Wed, 22 Mar 2000

East Timor: Dutch war crime replayed

By Aboeprijadi Santoso

This is the first of two articles on the origins of war crimes in Indonesia.

AMSTERDAM (JP): Fifty-five years after a Dutch officer, Raymond Westerling, engaged in war crimes in the shadow of Indonesia's decolonization, a number of Indonesian officers were accused of similar crimes in what was essentially last year's decolonization of East Timor.

Notwithstanding the historical differences, there were eerie similarities in the military atrocities of both nations.

At the end of World War II, a revolution broke out in Indonesia. When the Dutch -- following the Japanese capitulation -- attempted to regain control, they found themselves fighting a politically lost war. While world opinion fell on the side of Indonesia, Holland found a hero in Raymond Westerling.

"Every morning," a Dutch writer recalled, reflecting on his childhood in Hilversum, "we prayed at school for Westerling, the brave rebellious captain who did everything to keep the Indies (Indonesia), whilst the government in The Hague had already acquiesced to Sukarno and his henchmen".

In reality, Westerling was an adventurous Ramboesque warlord, a conclusion drawn from J.A. de Moor's somewhat apologetic study, Westerling's Oorlog (Westerling's War), Indonesia 1945-1950 (1999).

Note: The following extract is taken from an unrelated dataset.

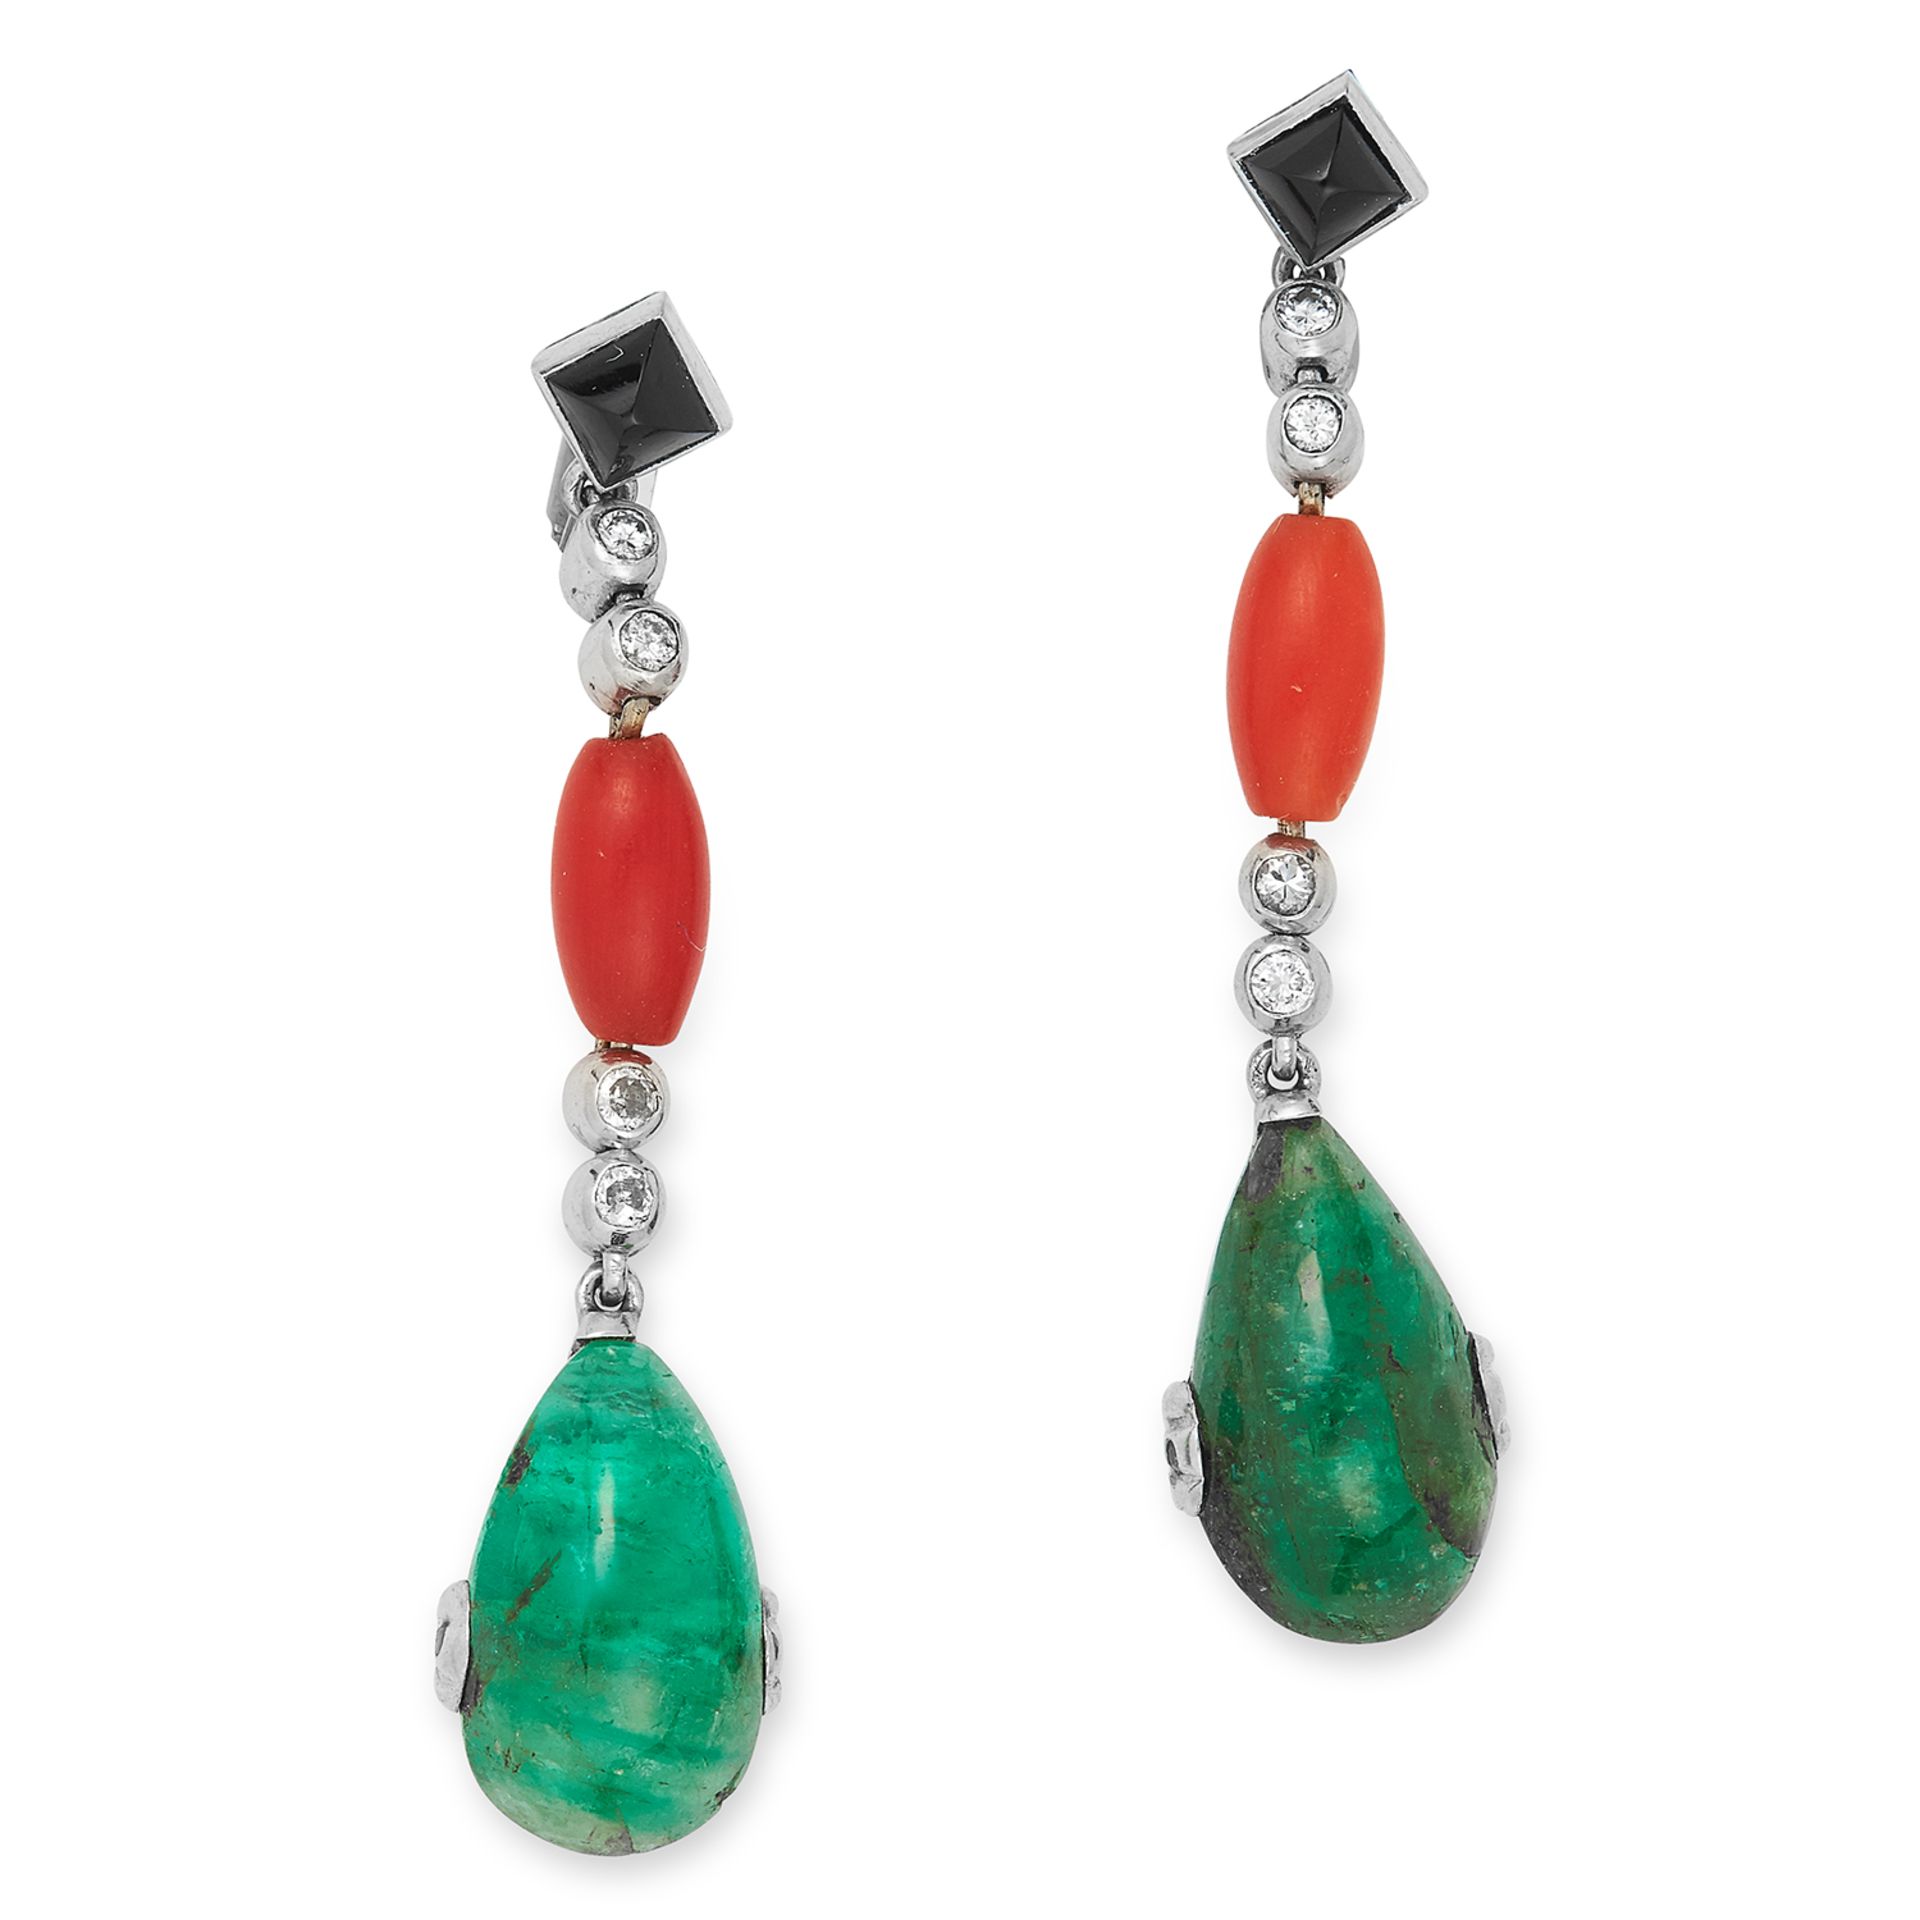 ANTIQUE ART DECO EMERALD, CORAL, ONYX AND DIAMOND EARRINGS each set with polished onyx, coral, round

A British trained sergeant, Westerling led the Dutch first elite special forces. He fought bravely in Medan, Java and Sulawesi, but was incapable of controlling his troops. He enjoyed a special relationship with Commander Gen. S.H. Spoor and thus had carte blanche ("a license to kill", in De Moor's words), to act as brutally as he wished.

Most controversial was "his" war in South Sulawesi in the early months of 1947. About 3,000 (not "40,000" as the myth has it) local freedom fighters and villagers were killed as a result of his counter-insurgency methods, called standrecht (summary justice).

With intelligence information gathered through a network of local spies, "the troops surrounded villages at dawn, rounding up the male population ..., tracing (the) 'extremists' and killing them on the spot in front of the population."

Once the locals were sufficiently terrified, calm was then restored. "Gen. Spoor," according to De Moor, "defended (this new method), and so the idea of standrecht proliferated".

The fierce resistance was a result of mobilization and militaristic training during the Japanese occupation. The popular support for the republican forces grew as nationalism and anticolonialism rose in tandem with this legacy.

In December 1948, the Dutch army occupied Yogyakarta and arrested Sukarno, but could not completely quash the local guerrillas.

As Indonesia gained momentum internationally, the turning point came at the political/diplomatic level rather than on the battlefield. As the formal transfer of sovereignty began to unexpectedly draw closer in December 1949, it was a great blow to the Dutch officers who felt they had won many of the battles but politically lost the war.

Not surprisingly, a few weeks later Westerling attempted a coup. The adventure was welcomed in Holland, but it killed almost 100 people and did not succeed. A "criminal bluff", one historian commented.

But the Dutch war was more than "Westerling's oorlog". Gen. Spoor was caught in a real dilemma. While attempting to keep order by employing a strategy of standrecht, he also expected his elite forces to act quickly, effectively, and be disciplined.

Such conditions became over time a growing contradiction for a foreign army operating in an often hostile environment. Even when Westerling and his followers were removed in November 1948, his successor was told that he had to combine professionalism -- or military ethics -- with fighting power. But even so violent excesses still occurred, De Moor admits.

In other words, military professionalism and discipline could hardly be enforced in a colonial conscript army. The colonial war was a hotbed of uncontrolled violence, victimizing sundry numbers of unarmed civilians. This became a permanent risk as the army tried to restore rust en orde (i.e. social tranquility and political order) to Indonesia, a security concept that contradicted the chaotic reality.

The Dutch state, facing war devastation at home, was confronted with the fait accompli of revolutionary changes in Indonesia. The colonial state was weak and depended on the 120,000 conscript army personnel to maintain its stranglehold on the country.

As it lost the diplomatic battle, and with its politicians in The Hague discredited and its army plunged into crisis, it generated new risks and even bloodier violence. A declining colonial state being ceaselessly attacked by angry revolutionaries resulted in numberless atrocities and war crimes.

The Dutch postwar governments succeeded in evading the war crime issue mainly due to pressures by Indies war veterans. It was not until 1969 when an ex-soldier, J.E. Hueting, spoke of the earthscourge method -- the burning of villages in Java -- and other "regularly committed" crimes, that an official report (Excessennota 1969) admitted to "systematic cruelties".

But these were referred to as war excesses instead of war crimes. As a result, the issue has never been properly resolved.

The writer is a journalist based in Amsterdam, the Netherlands.